[[ Dataset extract, beginning ]]

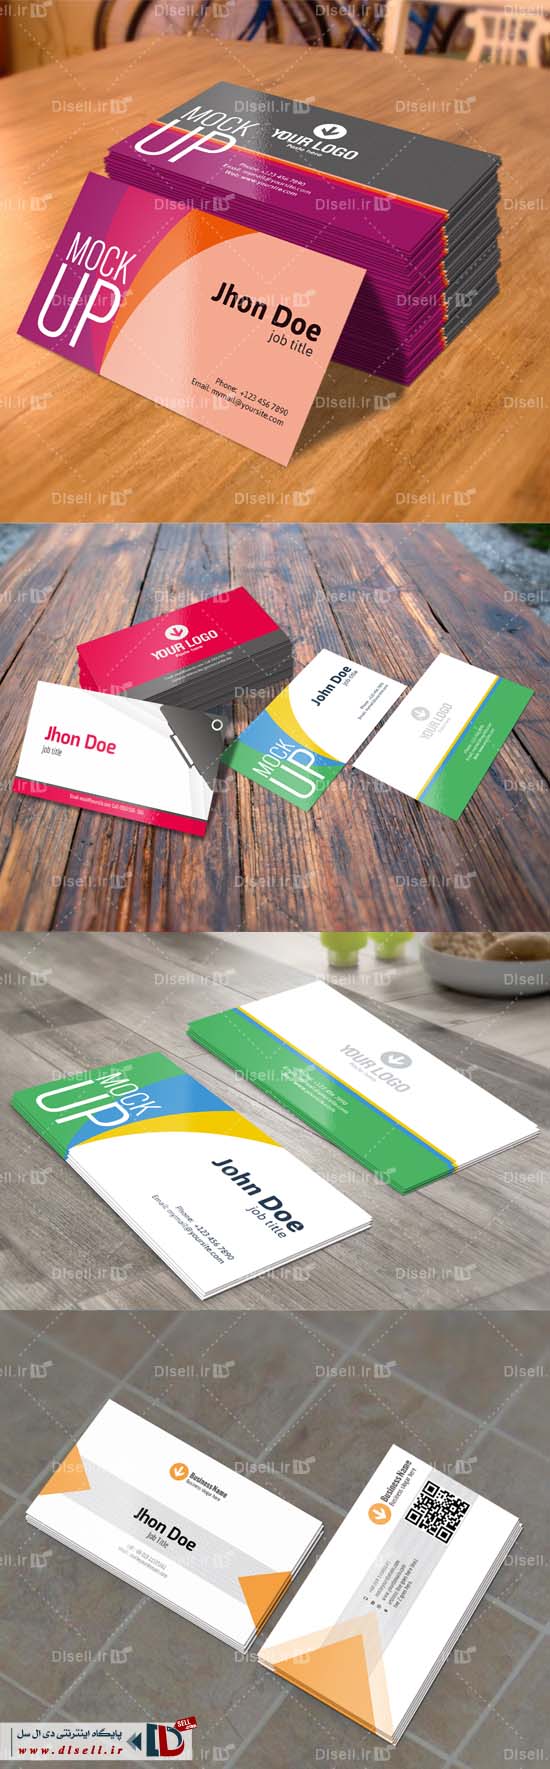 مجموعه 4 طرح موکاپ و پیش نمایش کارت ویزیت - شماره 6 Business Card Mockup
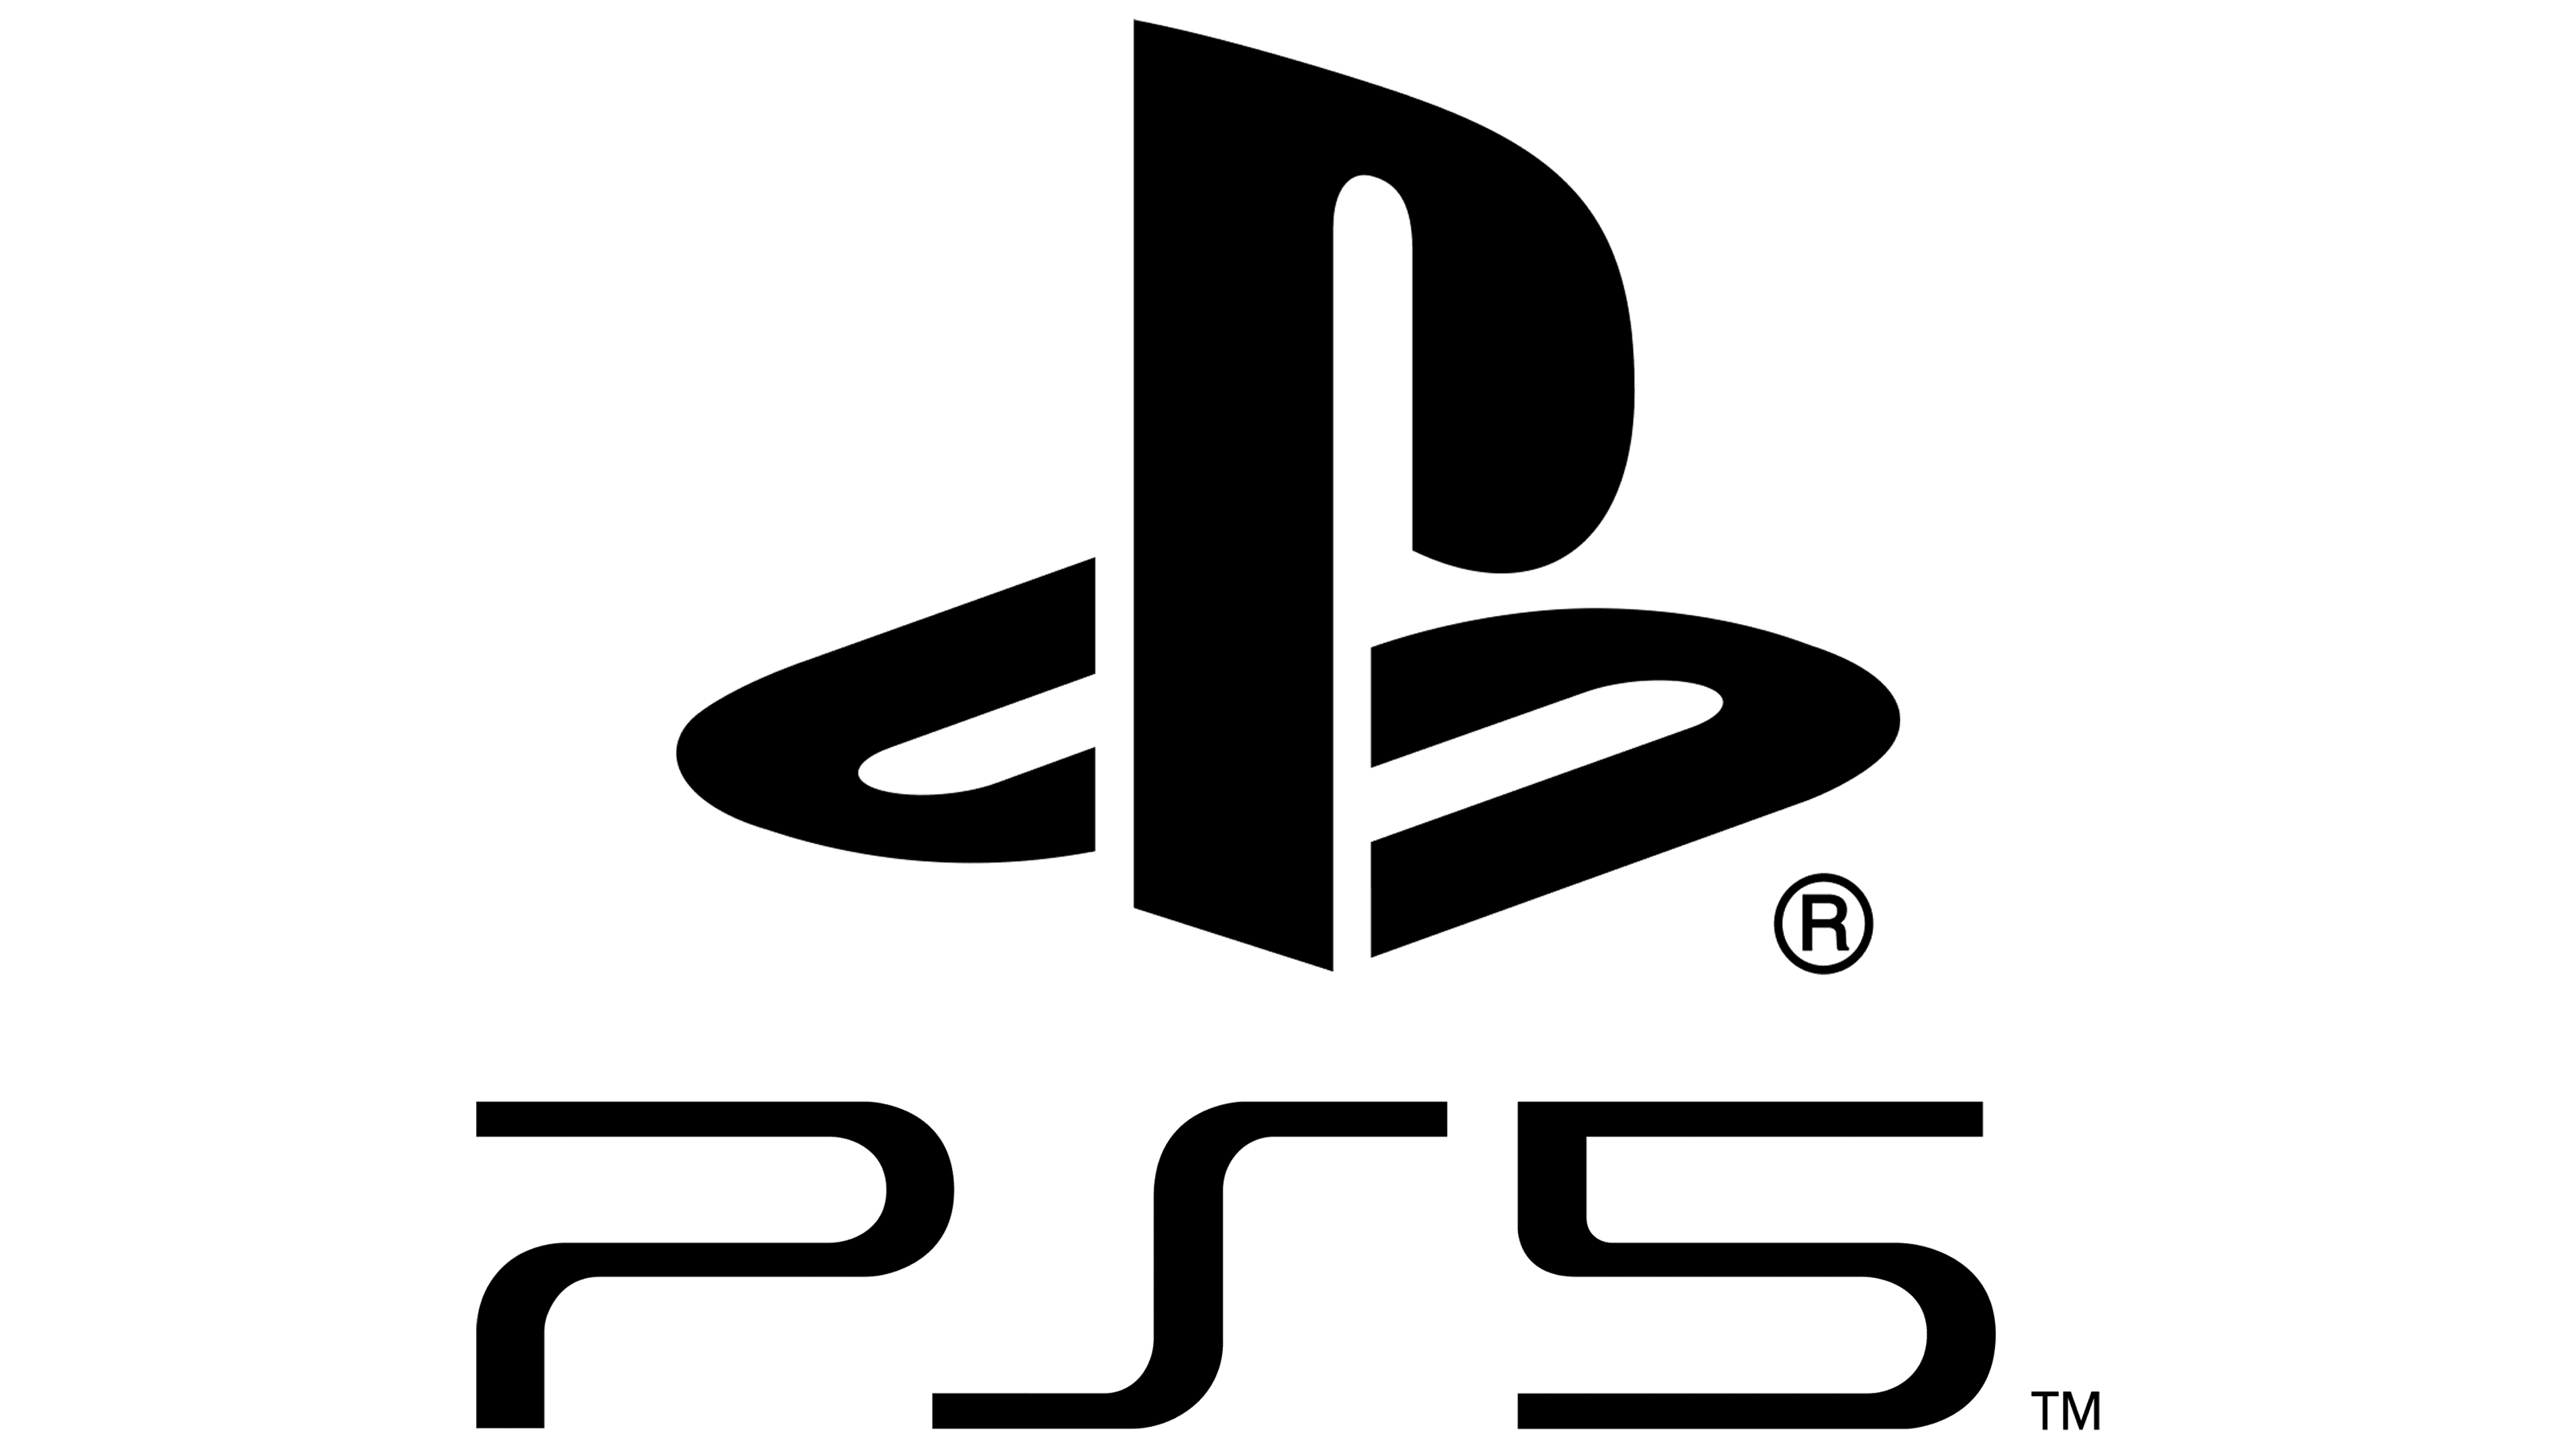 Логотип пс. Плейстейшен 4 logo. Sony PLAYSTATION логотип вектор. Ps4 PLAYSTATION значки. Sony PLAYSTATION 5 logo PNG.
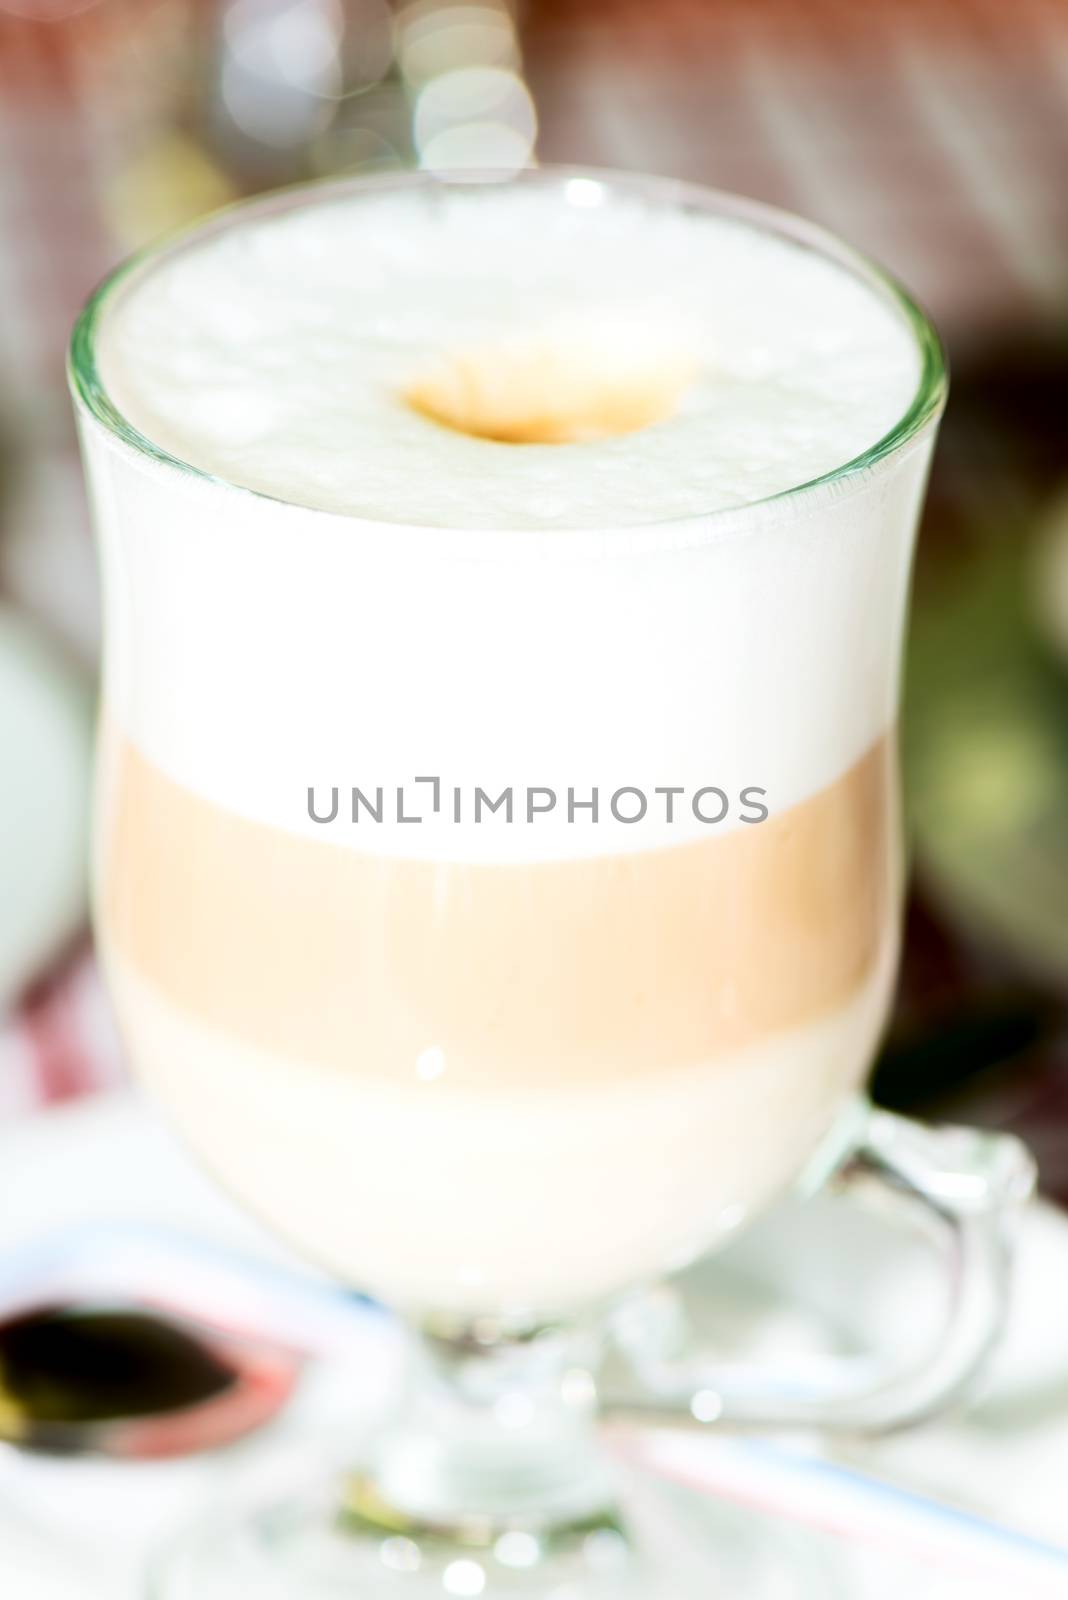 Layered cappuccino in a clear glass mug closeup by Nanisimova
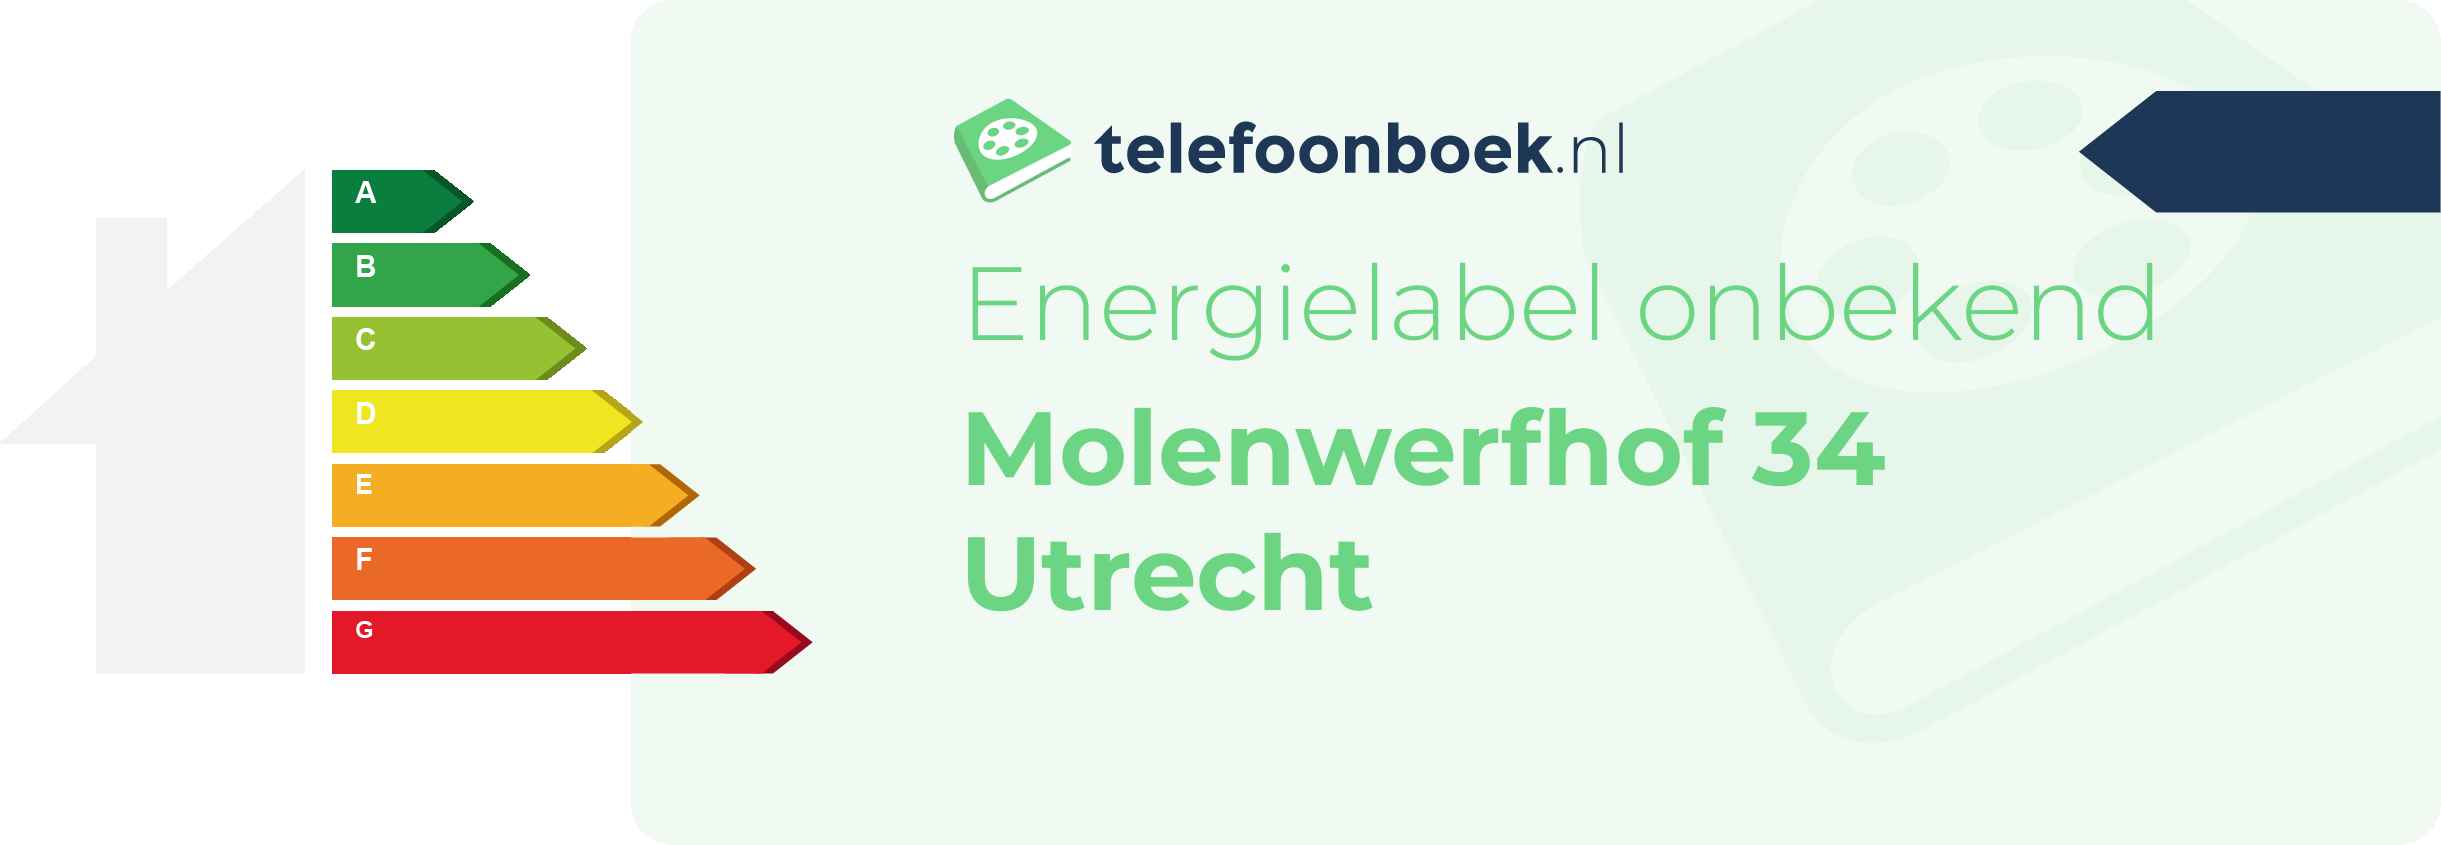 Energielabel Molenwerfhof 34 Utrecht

[[ Dataset extract, end ]]

- _What you will do_
Exactly as they appear, transcribe the lines from the top of the material above through the line with "Layered cappuccino in". Omit any picture.

- _Final answer_
 مجموعه 4 طرح موکاپ و پیش نمایش کارت ویزیت - شماره 6 Business Card Mockup
 Логотип пс. Плейстейшен 4 logo. Sony PLAYSTATION логотип вектор. Ps4 PLAYSTATION значки. Sony PLAYSTATION 5 logo PNG.
 Layered cappuccino in a clear glass mug closeup by Nanisimova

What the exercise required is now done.